Why wrist sensors can tell a life-or-death story

Many of us wear smartwatches that quietly track our pulse day and night. In intensive care units, a very similar light-based signal called photoplethysmography, or PPG, is recorded around the clock from critically ill patients. This paper introduces MIMIC-III-Ext-PPG, the largest and most detailed public collection of these pulse signals to date, designed to help researchers build and test new algorithms for spotting dangerous heart rhythms, estimating blood pressure without a cuff, and tracking breathing.

Figure 1
Figure 1.

A giant library of pulse snapshots

The authors assembled more than 6.3 million short, 30-second snippets of PPG signals from 6,189 intensive care patients whose data are part of the well-known MIMIC-III hospital database. Each snippet captures how light passing through a fingertip changes with every heartbeat, a simple measurement that today is available on everything from bedside monitors to consumer wearables.

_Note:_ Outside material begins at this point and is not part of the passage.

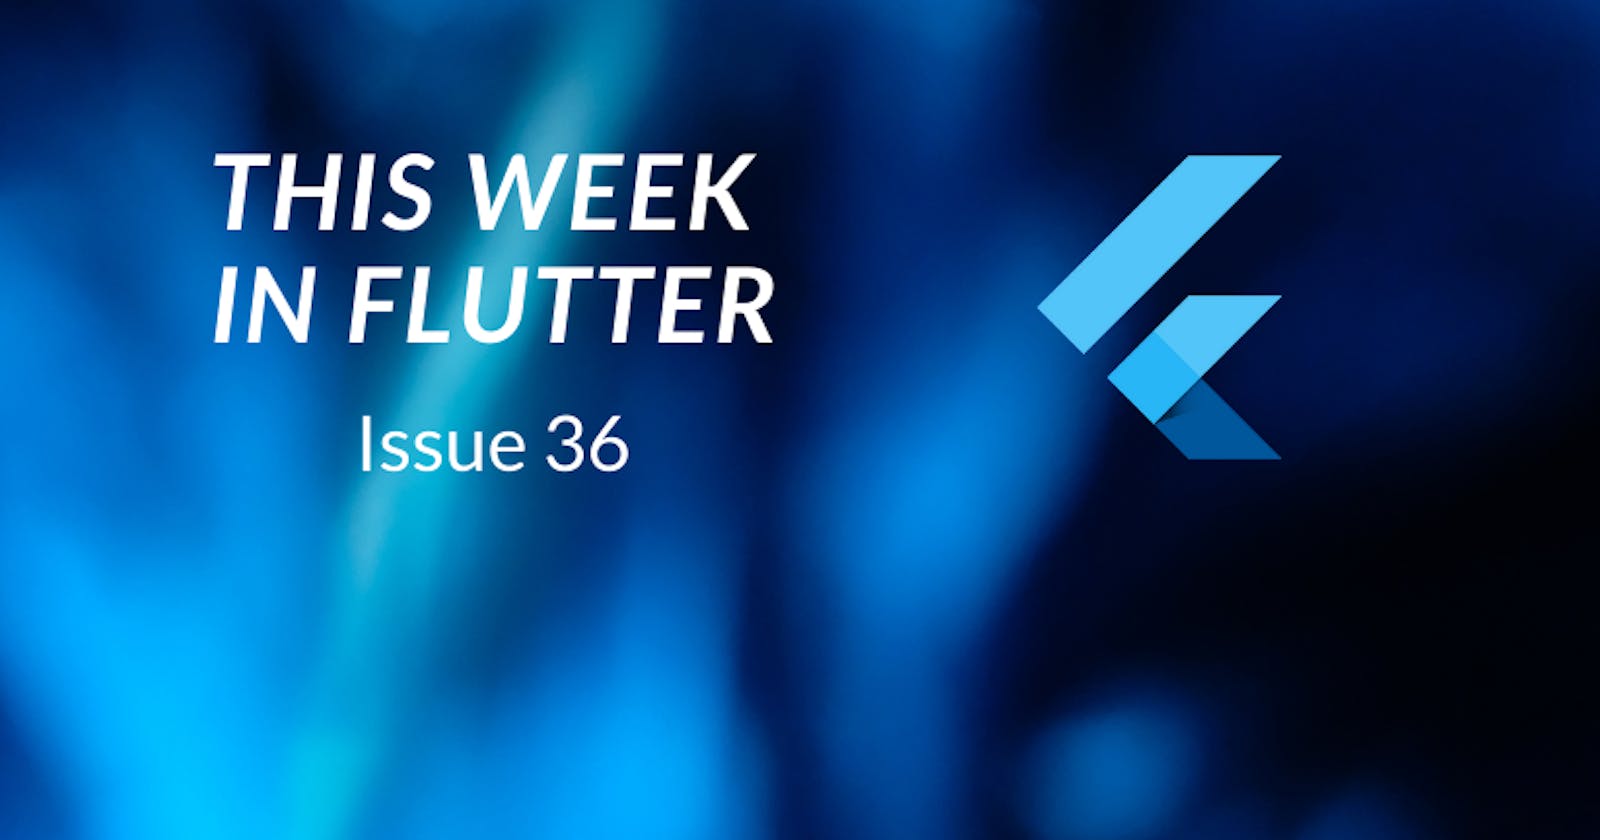 This week in Flutter #36

For many of these snippets, the dataset also includes synchronized electrocardiogram, blood pressure, and breathing signals, turning each pulse snapshot into a rich, multi-signal window onto the heart and lungs.

From bedside notes to detailed heart rhythm labels

What makes this dataset stand out is not just its size, but its labels. In the original hospital system, nurses and doctors regularly recorded the patient’s heart rhythm on electronic charts. The team carefully matched these chart entries to the exact times covered by the waveform recordings, then harmonized different recording systems into a single, consistent set of 26 heart rhythm types. These range from normal rhythm and simple speeding up or slowing down, through various atrial and ventricular arrhythmias, to pacemaker-driven rhythms and complete conduction blocks. This level of detail goes well beyond earlier pulse-based datasets, which usually offered only one or two rhythm categories.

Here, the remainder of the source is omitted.